Darkest Dark Theme for a Total Eclipse

Great news! That modern dark UI you always wished the Eclipse IDE had is available for free, right now. We are pleased to introduce the recently released Darkest Dark theme for the Eclipse IDE. This is a fresh new theme designed from the ground up to give you the sharpest contrast and a new set of flat, high-contrast icons.

Check out the level of change, from brightest day to darkest dark night, below:

Want to give it a try? Get the Darkest Dark theme from the Eclipse Marketplace for free.

In a moment, we'll cover a bit of how we built this slick plugin, but first, we need to ask you for a bit of help so we can ensure that every Eclipse plugin looks amazing.

Here's the problem, there are just a lot of plugins out there and we all use different sets! So, once you install Darkest Dark, if you see something that is really funky looking, please take a moment to add an entry in our Theme Problems forum. We're targeting first the more popular plugins and places where things are just flat broken. These are things like really bad icons, or poor color choices which we can normally address very quickly if the path to reproduction is simple. Darkest Dark uses our evergreen update technology so as soon as we fix a couple of items you'll automatically get all the updates pushed into your installations so you're never out of date. Thanks in advance -- we really appreciate it!


So, how did we make this?

It was actually very hard, because it isn't really a theme. It just plays one in your Eclipse installation. Creating the Darkest Dark theme required not only using E4 styling but also creative usage of OSGi to intercept low-level calls.

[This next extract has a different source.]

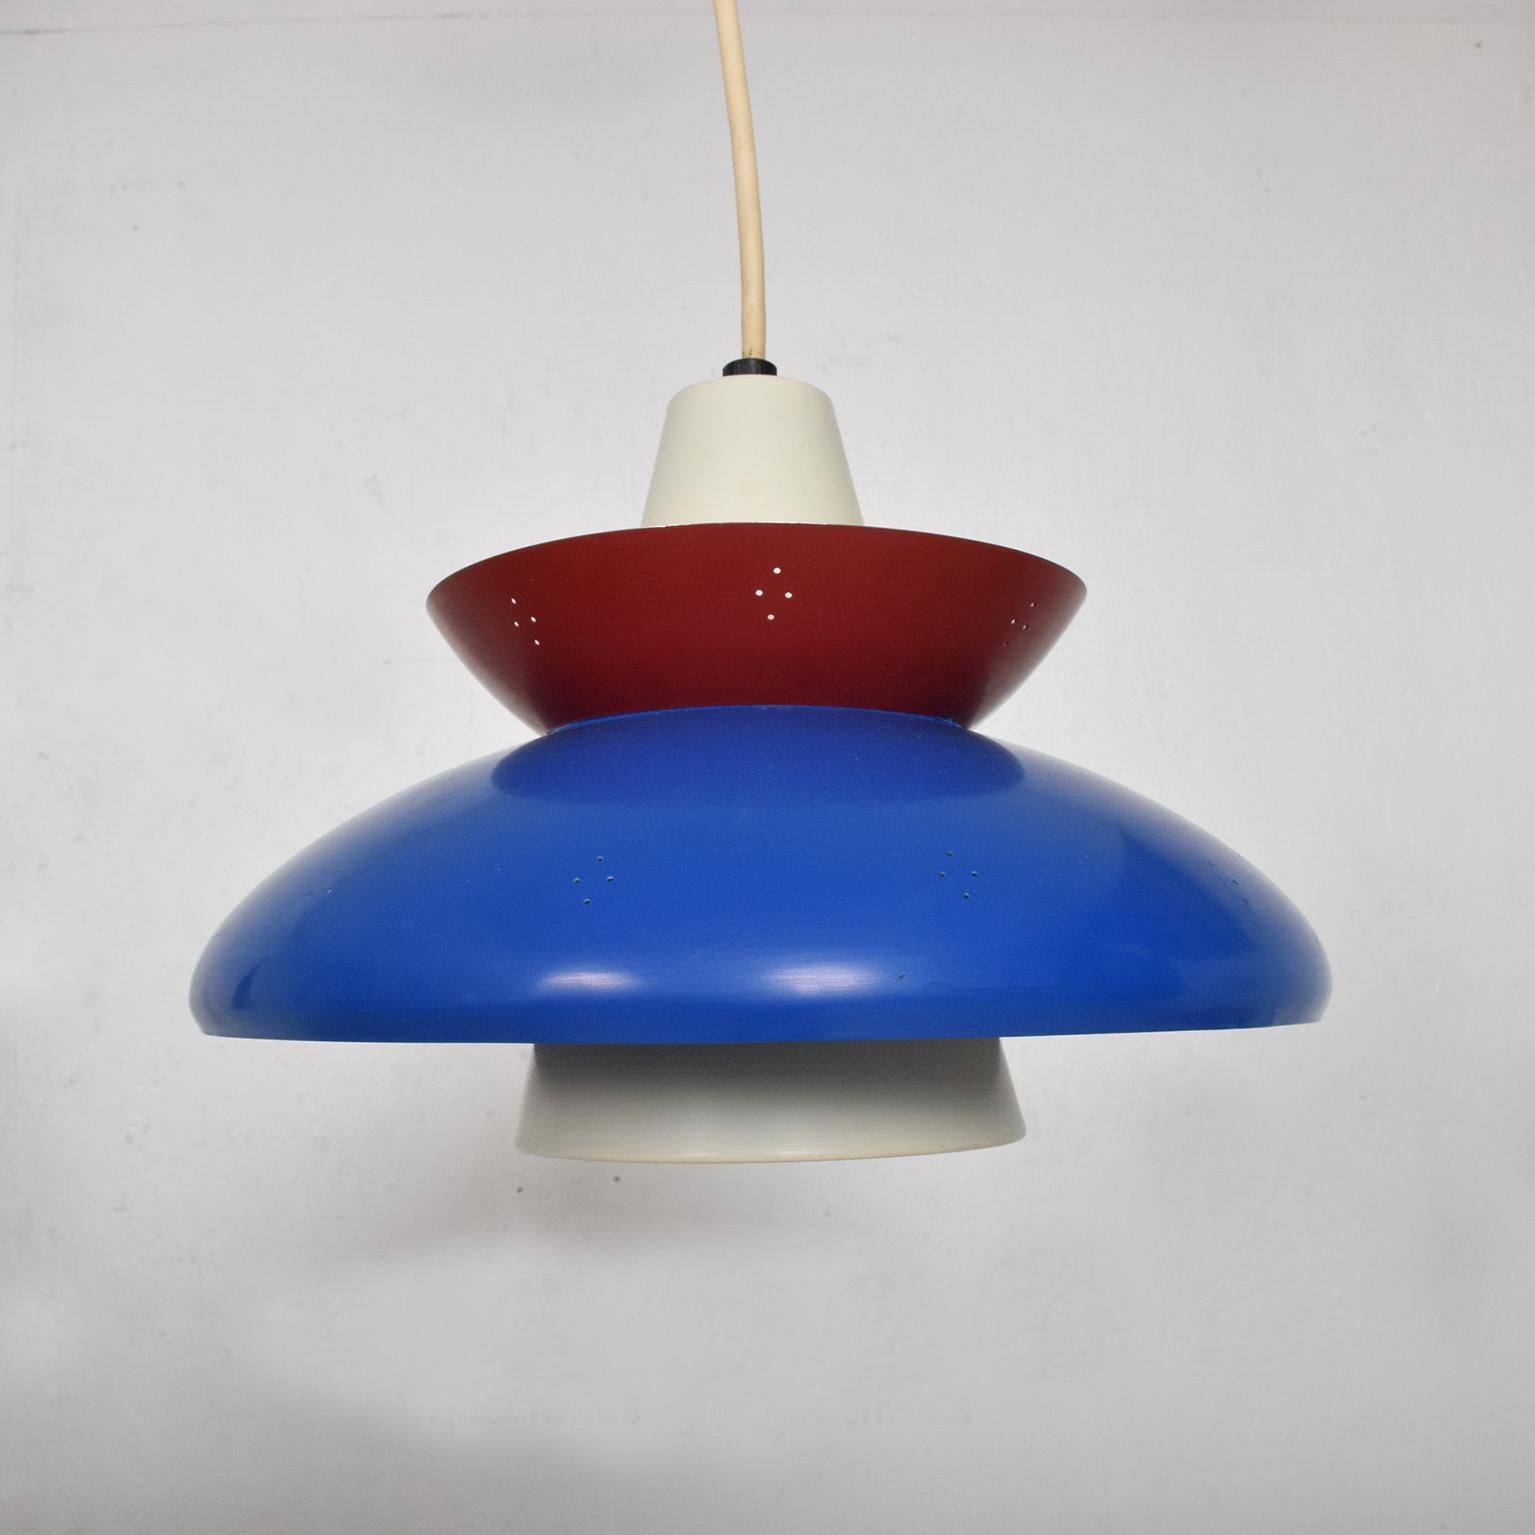 1950s USA Patriotic Pendant Light Mid-Century Modern Red White and Blue Lamp 1

Our code intercepts the original icon load for something like the toolbar and returns an on-the-fly generated replacement icon. This gives the benefit of avoiding loading the original icon as well as ensuring full HiDPI support. Of course, it also provides the flexibility to tweak the colors of icons without rebuilding any images.

Where things get even hairier this how developers across the plugin community have used different patterns in building their slick UIs. For instance, there are visual designers that let people drag items together which use a combination of default colors from the theme and hardcoded colors like a bright yellow. Or other plugins where developers were using custom colors in the background of the table which contrasted on dark. In these examples, we have to intercept color load and have to return back an alternate color.

Whats up next?

To help us in making the replacement icons, we put together a cool Icon Editor which lets you see all of the icons that have been loaded in the Eclipse IDE including frequency of use, and create a replacement for the image. Even cooler is that when you save the updated icon, it is live-replaced into your running Eclipse IDE for many controls. I believe right now we are just missing a couple places like replacing loaded images in Image Registry caches. You can even click control-shift with your mouse over an item to find the source image. With this technology, we'll be allowing you and the community to suggest replacement icons for plugins we've missed and we'll do a light weight moderation before releasing them back to the community!

We hope you enjoy using the darkest dark theme and that you'll forgive if there are still a couple rough edges as this multi-engineer multi-month project has been a tough one. It was certainly a much larger undertaking than what we anticipated when we first started, but that turned into a benefit because if we'd known the true level of effort our management team might not have approved it!

We want to thank a few projects in particular for helping make this possible. First and foremost is Equinox and OSGi for providing the foundation that makes these creative engineering solutions possible in the first place. The Eclipse Color Theme plugin is included as part of the Darkest Dark theme to provide configurable editor colors. Work by the Eclipse platform team in Oxygen is brought forward to help clean up a couple rough areas like Button and Table header coloring on Windows. Finally, Code Affine did some nice work with flat scrollbars that provided a base to rid the UI of those nasty Windows scrollbars.

In closing I just want to point out that the Darkest Dark theme isn't just free to use, we've also made it free to redistribute. So if you have any products you've built on the Eclipse platform, you may freely include Darkest Dark to deliver a rich modern dark UX to your users.